Limitation of Liability. TO THE MAXIMUM EXTENT PERMITTED BY APPLICABLE LAW, ARIANA NEXUS'S TOTAL AGGREGATE LIABILITY FOR ALL CLAIMS ARISING OUT OF OR RELATED TO CERTIFICATION STATUS, AUDIT RESULTS, OR COMPLIANCE POSTURE SHALL NOT EXCEED THE AMOUNTS SET FORTH IN THE APPLICABLE ENGAGEMENT AGREEMENT, OR, WHERE NO ENGAGEMENT AGREEMENT EXISTS, ONE HUNDRED DOLLARS ($100). ARIANA NEXUS SHALL NOT BE LIABLE FOR ANY INDIRECT, INCIDENTAL, SPECIAL, CONSEQUENTIAL, PUNITIVE, OR EXEMPLARY DAMAGES ARISING FROM OR RELATED TO CERTIFICATION TIMELINES, AUDIT OUTCOMES, OR THE ABSENCE OF ANY SPECIFIC CERTIFICATION. NOTHING IN THIS SECTION SHALL LIMIT OR EXCLUDE ARIANA NEXUS'S LIABILITY FOR: (A) FRAUD OR FRAUDULENT MISREPRESENTATION; (B) DEATH OR PERSONAL INJURY CAUSED BY NEGLIGENCE; OR (C) ANY OTHER LIABILITY THAT CANNOT BE EXCLUDED OR LIMITED BY APPLICABLE LAW, INCLUDING BUT NOT LIMITED TO LIABILITY UNDER THE UK UNFAIR CONTRACT TERMS ACT 1977, THE UK CONSUMER RIGHTS ACT 2015, OR GDPR.

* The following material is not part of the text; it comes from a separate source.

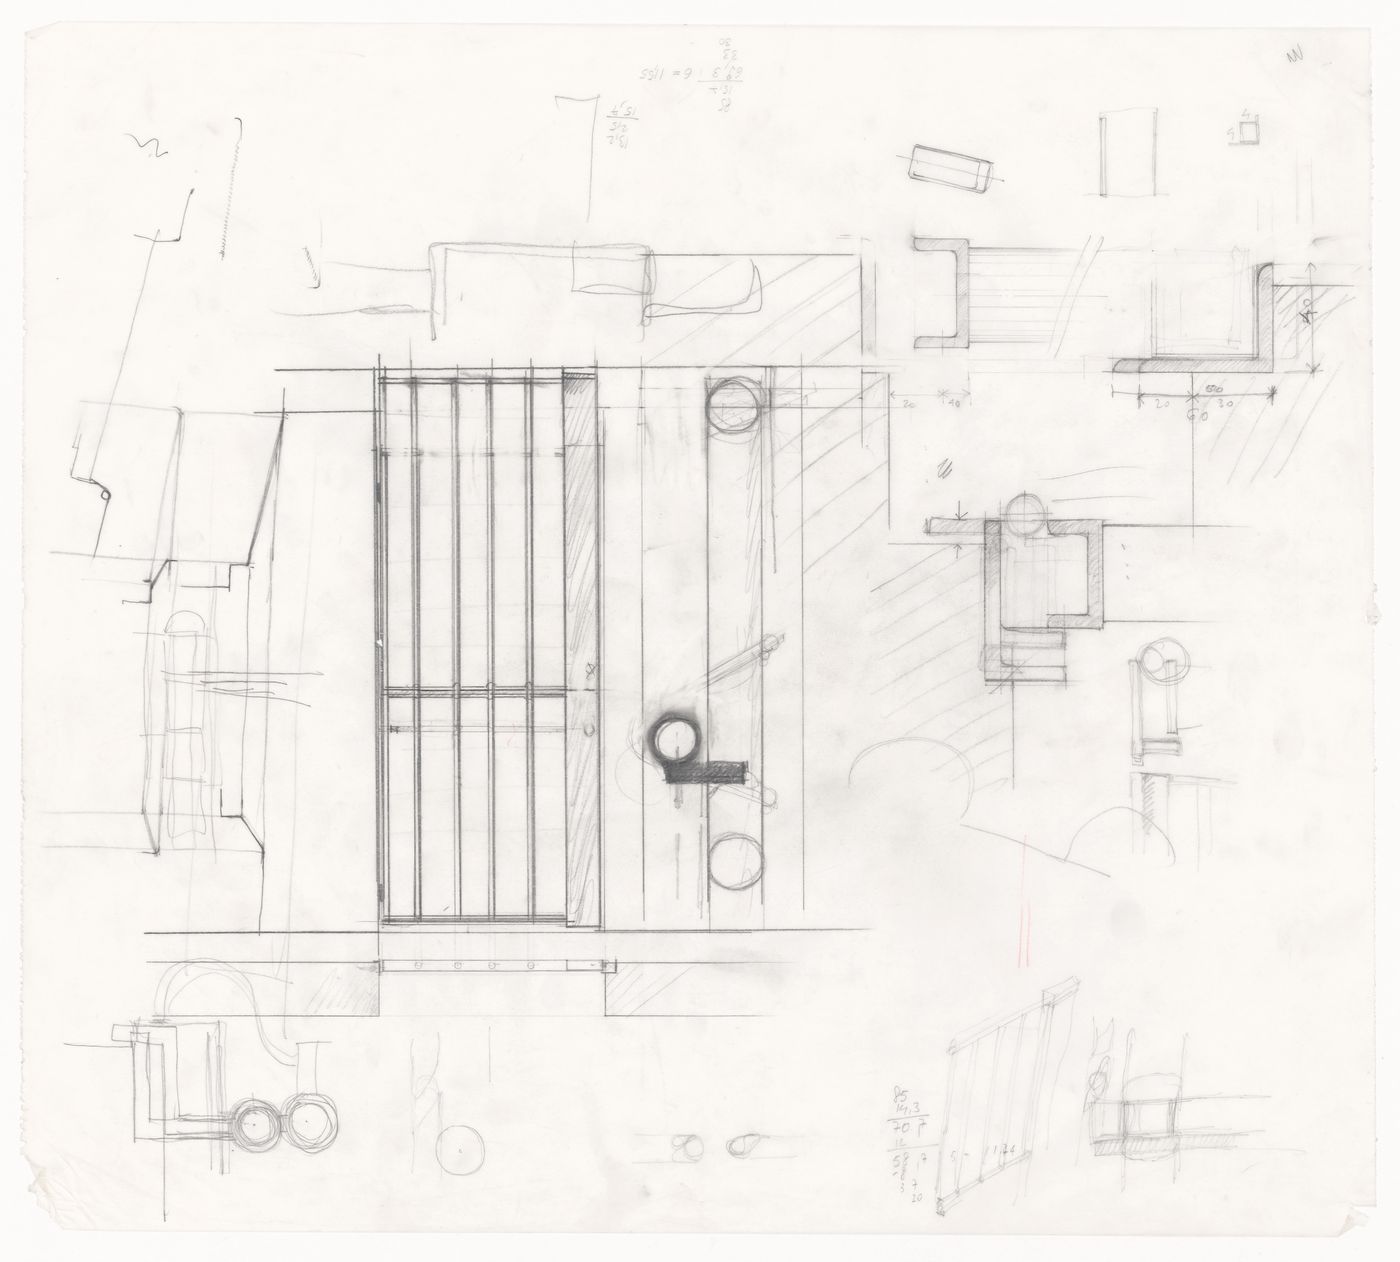 Details and sketches for Casa Miggiano, Otranto, Italy

Dispute Resolution. Any dispute arising out of or relating to this page shall be subject to the dispute resolution provisions in the Terms of Use, Section 18.
This page is provided for informational purposes and does not constitute a warranty, guarantee, or binding commitment regarding Ariana Nexus's certification status or audit outcomes. Certification timelines and targets are subject to change. Nothing in this page shall be construed as a waiver of any right, defense, or immunity available to Ariana Nexus under applicable law.